Projects
CCL2022 Evaluation Task — The fourth NiuTrans Cup humor computing [Code]
- This evaluation task is divided into two tracks: humor recognition and humor response generation in dialogue scenarios. We rank top at both tracks and win the First Prize finally.
- For humor recognition, we explore sentence-based text classification, dialogue modeling, and prompt-based text classification. We conduct experiments using various BERT variants and apply a range of tricks. Then, we ensemble heterogeneous models through a stacking approach to further improve the performance.
- For humor response generation, we design a sliding window strategy to perform data augmentation and conduct experiments on GPT2 and T5. Furthermore, we utilize the humor recognition model to select humorous response from sampled results.

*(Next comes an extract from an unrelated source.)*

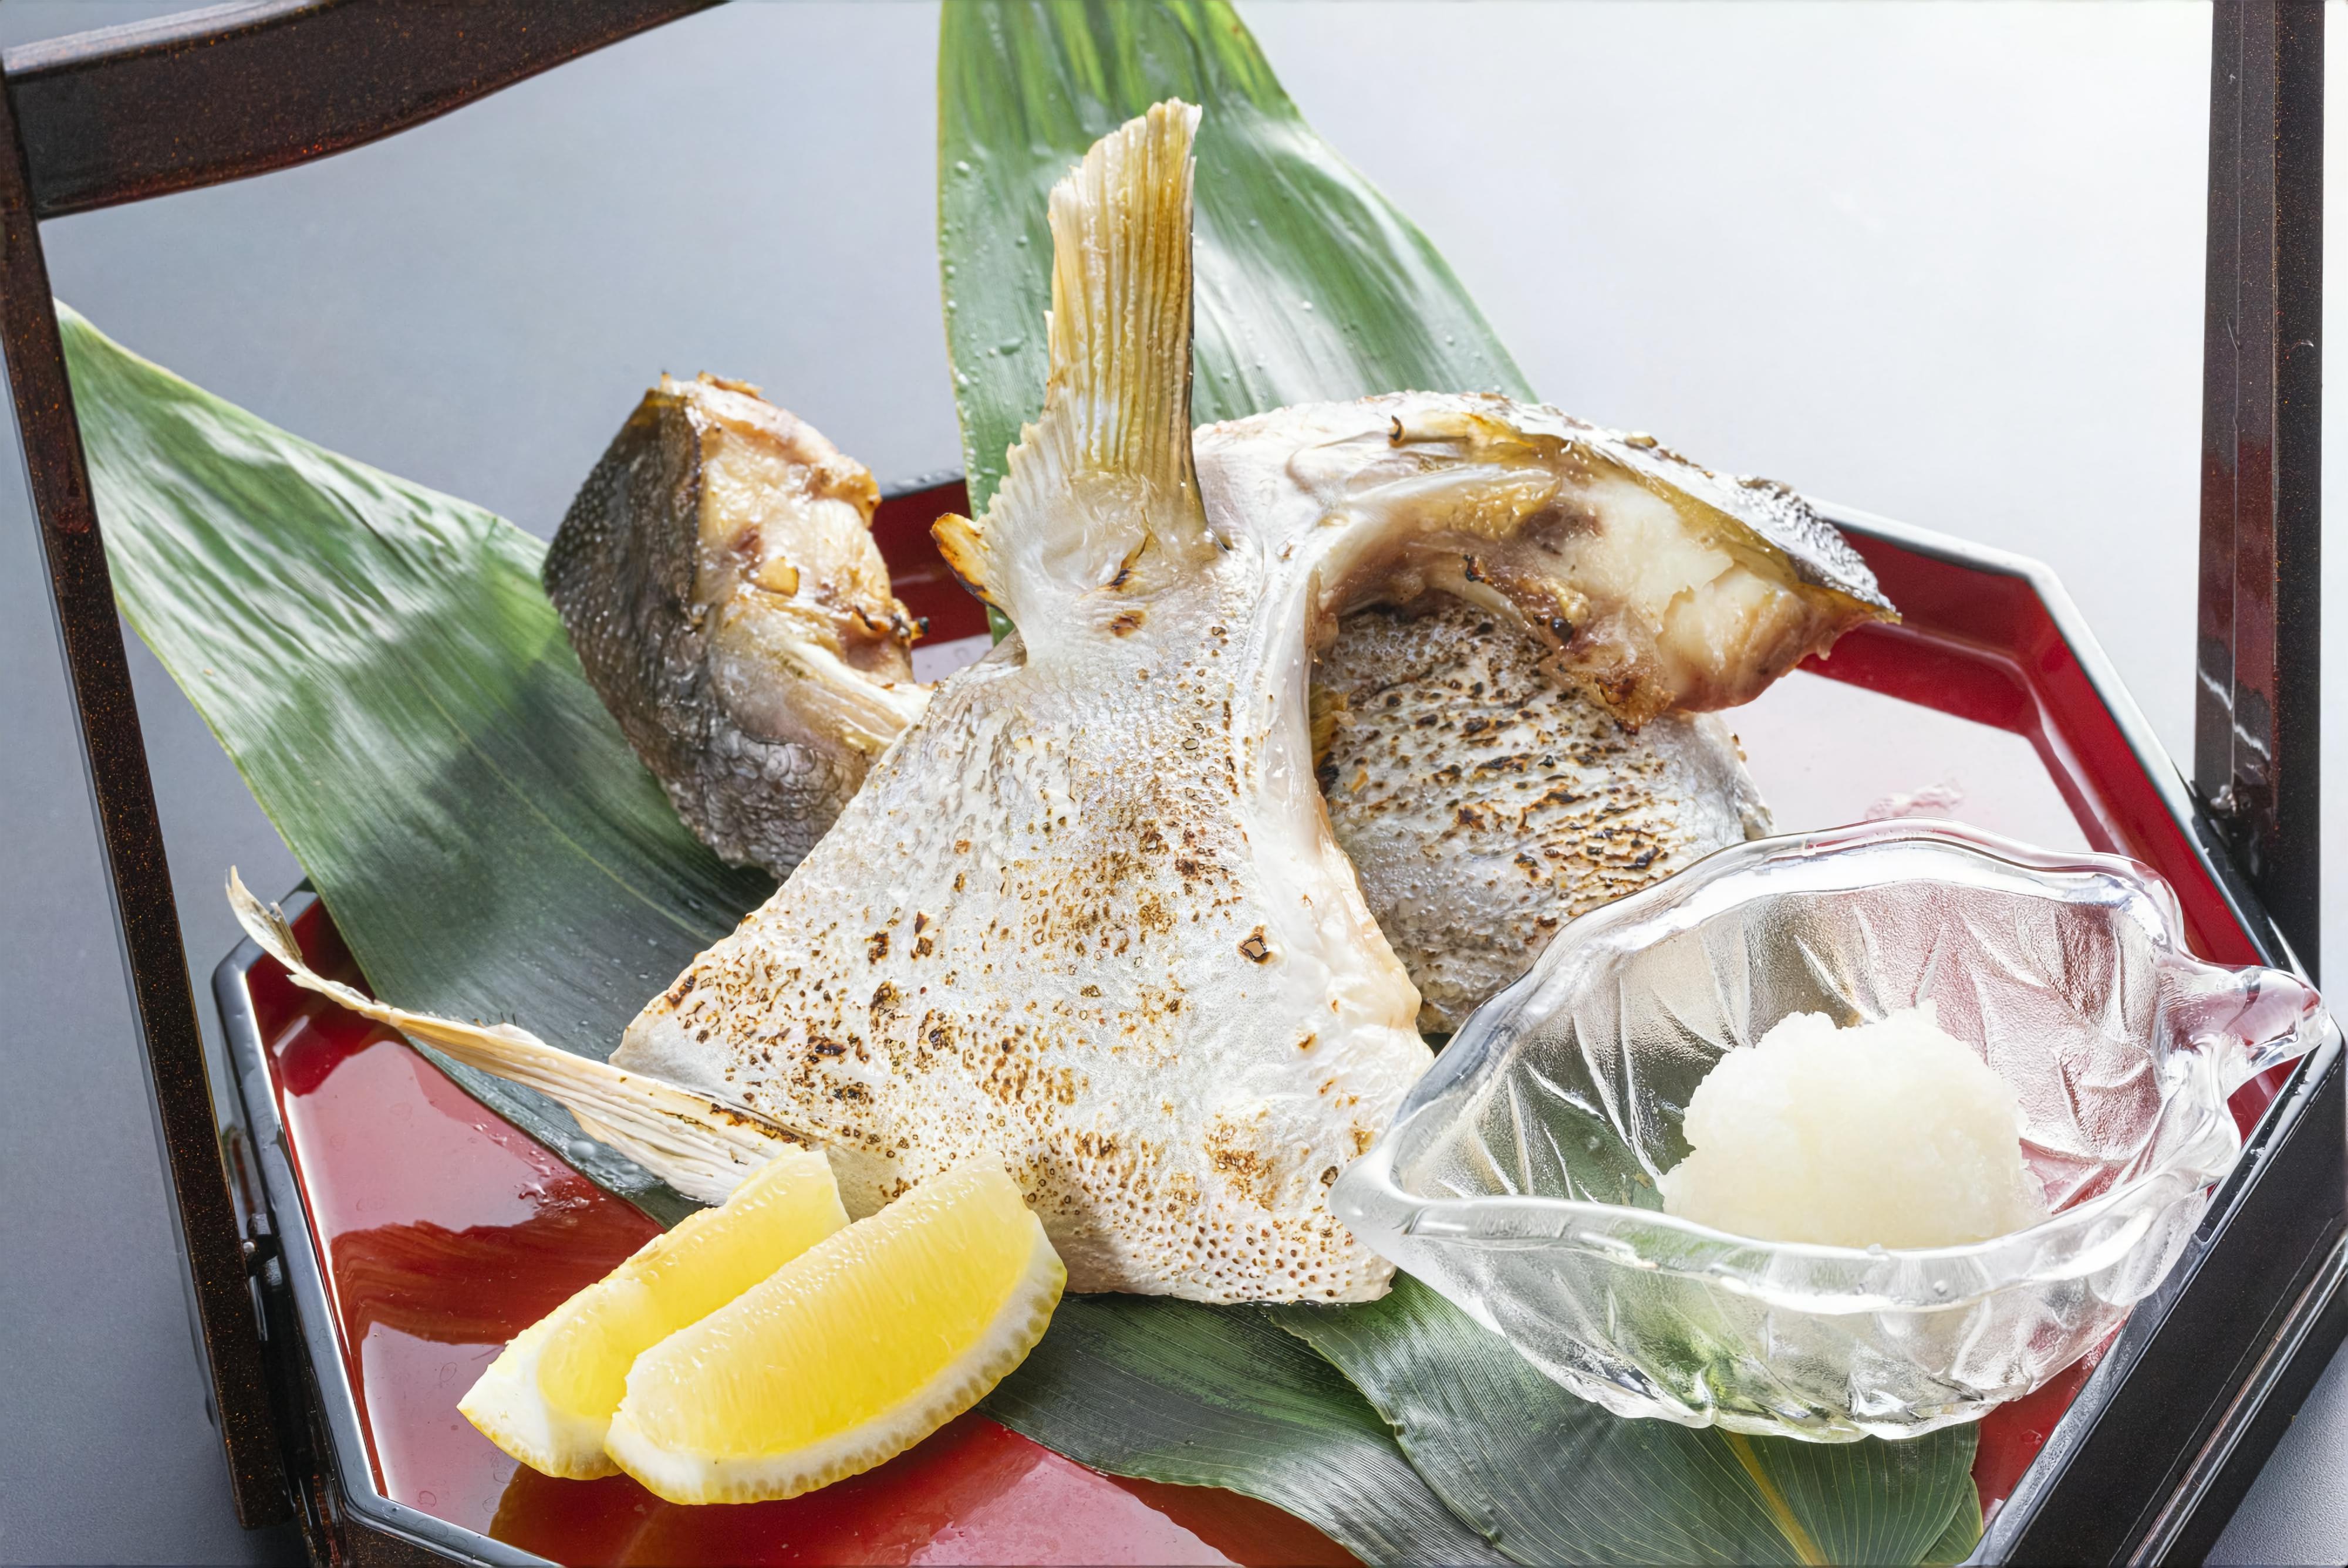 """★数量限定別注料理「カンパチの""""カマ""""塩焼き」<br /> <br /> """"カマ""""はお魚のエラの後ろの胸ビレ辺りの部位を指し、身が締まっていて身質がとっても良い部分です。<br /> カンパチの""""カマ""""を塩焼きにして、魚の旨味をぎゅっととじ込めました。<br /> <br /> ■価格:1人前 1,800円(税サ込)<br /> <br /> ■限定30皿<br /> ※数量限定の為、数に達した場合ご注文をお断りさせていただくことがございます。予めご了承ください。<br /> 事前予約はお電話にて承ります。ご注文、お待ちいたしております!<br />"""

Hard-Constrained Text Generation with Controllable Word Complexity (Thesis) [Code]
- We introduce hard-constrained text generation and style transfer to the field of international Chinese language education, generating example sentences based on user-entered keywords with controllable word complexity.
- We employ the T5 model to generate example sentences in a fill-in-the-blank way, ensuring that the generated sentences include all the keywords.
- We propose an unsupervised method to mine training data automatically from corpus. And we train the model using prompt tuning instead of standard fine-tuning to achieve style transfer at a lower cost.
Reverse Dictionary in Chinese
- We explore both classification and generation methods for the reverse dictionary task. Furthermore, we construct a private validation dataset using company data to choose models.
- We replicate the method proposed by «BERT for Monolingual and Cross-Lingual Reverse Dictionary» and improve its performance by injecting external knowledge.
- We retrieve similar samples from training data to augment user input, bridging the gap between user input and training data.